When you can ignore cohort#
Cohort matters when exposure is tied to birth year, not to current age or current calendar time. For a pathogen where risk is set by current susceptibility and current contact patterns — most acute respiratory and enteric infections — an age term plus a period term usually captures the structure, and forcing a cohort axis in only adds an unidentified degree of freedom. Reach for a full APC model when you have a mechanism for lifelong imprinting: early-life infection, immune priming, or a durable behavioral cohort like a vaccination-era generation.
A worked example: the collinearity is real#
The clearest demonstration is that the age-period-cohort design matrix is rank-deficient by construction. Lay out a Lexis grid of age groups by calendar periods, form the birth cohort as period minus age, and the three centered linear columns have rank two, not three.
import numpy as np
ages = np.arange(30, 71, 10) # 30, 40, 50, 60, 70
periods = np.arange(2000, 2021, 5) # 2000, 2005, ..., 2020
grid = np.array([(a, p, p - a) for a in ages for p in periods], float)
grid_c = grid - grid.mean(axis=0) # center each column
print("columns: age, period, cohort")
print("rank of the three linear terms:", np.linalg.matrix_rank(grid_c))
print("age + cohort - period (all zero):",
np.round(grid_c[:, 0] + grid_c[:, 2] - grid_c[:, 1], 6)[:5])

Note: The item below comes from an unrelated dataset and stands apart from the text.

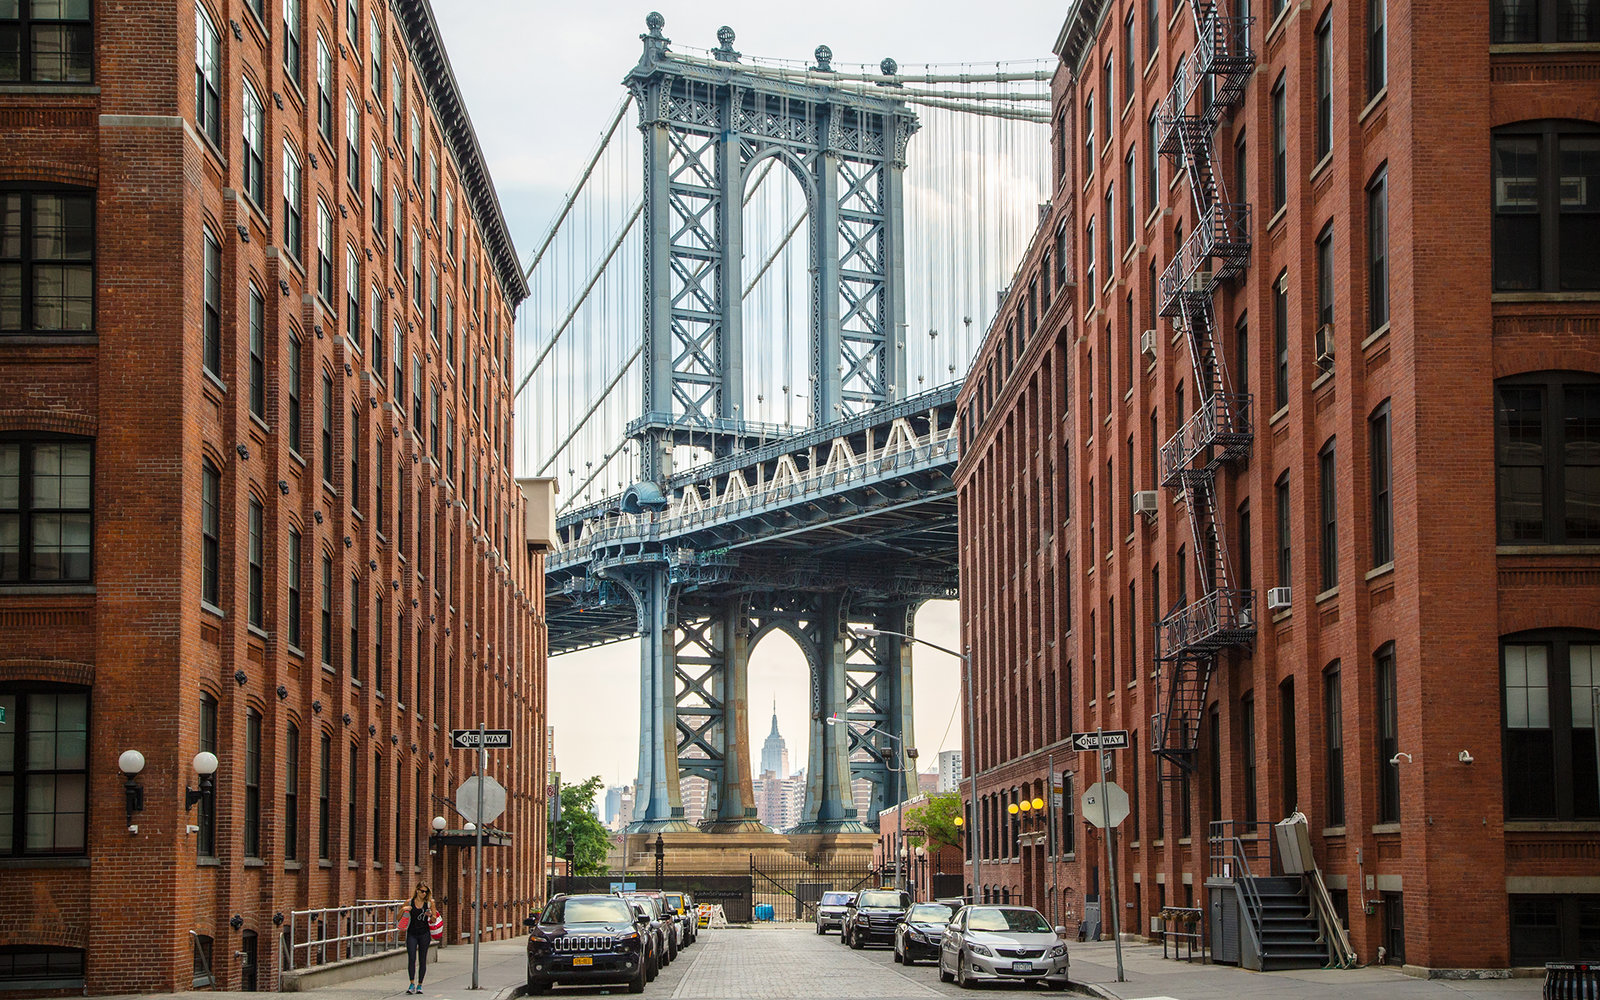 Empire State Building, Manhattan Bridge and Dumbo

columns: age, period, cohort
rank of the three linear terms: 2
age + cohort - period (all zero): [0. 0. 0. 0. 0.]
The rank is two because the third column is a fixed combination of the other two, and the printed vector confirms in every cell. A regression that includes all three linear terms therefore has an infinitude of equally good coefficient triples; only functions that are constant across that ambiguity (curvatures and deviations) are pinned down.
In code#
R#
ages <- seq(30, 70, by = 10)
periods <- seq(2000, 2020, by = 5)
grid <- expand.grid(age = ages, period = periods)
grid$cohort <- grid$period - grid$age
# center and check the rank of the three linear terms
X <- scale(as.matrix(grid[, c("age", "period", "cohort")]), scale = FALSE)
qr(X)$rank # 2, not 3 -> linear APC is unidentified
# the Epi / apc packages fit identifiable reparameterizations
# (drift + curvatures) rather than raw linear slopes
Python#
import numpy as np
import statsmodels.api as sm
ages = np.arange(30, 71, 10)
periods = np.arange(2000, 2021, 5)
grid = np.array([(a, p, p - a) for a in ages for p in periods], float)
# a full linear APC design (with intercept) is rank-deficient
X = sm.add_constant(grid)
print("design columns:", X.shape[1], "-> rank:", np.linalg.matrix_rank(X))
design columns: 4 -> rank: 3
Julia#
ages = 30:10:70
periods = 2000:5:2020
grid = [(a, p, p - a) for a in ages for p in periods]
M = reduce(vcat, [ [a p c] for (a, p, c) in grid ])
Mc = M .- sum(M, dims = 1) ./ size(M, 1) # center
using LinearAlgebra
rank(Mc) # 2, not 3
Why it matters#
Confusing a cohort effect for an age effect leads to bad extrapolation: you project a generation’s imprinted risk onto every future generation as if it were a fact of aging. Getting the decomposition right — or, more honestly, reporting only the pieces the data can support and being explicit about the constraint that identifies the rest — is what separates a defensible risk model from one that has quietly assumed away the hardest part of the problem.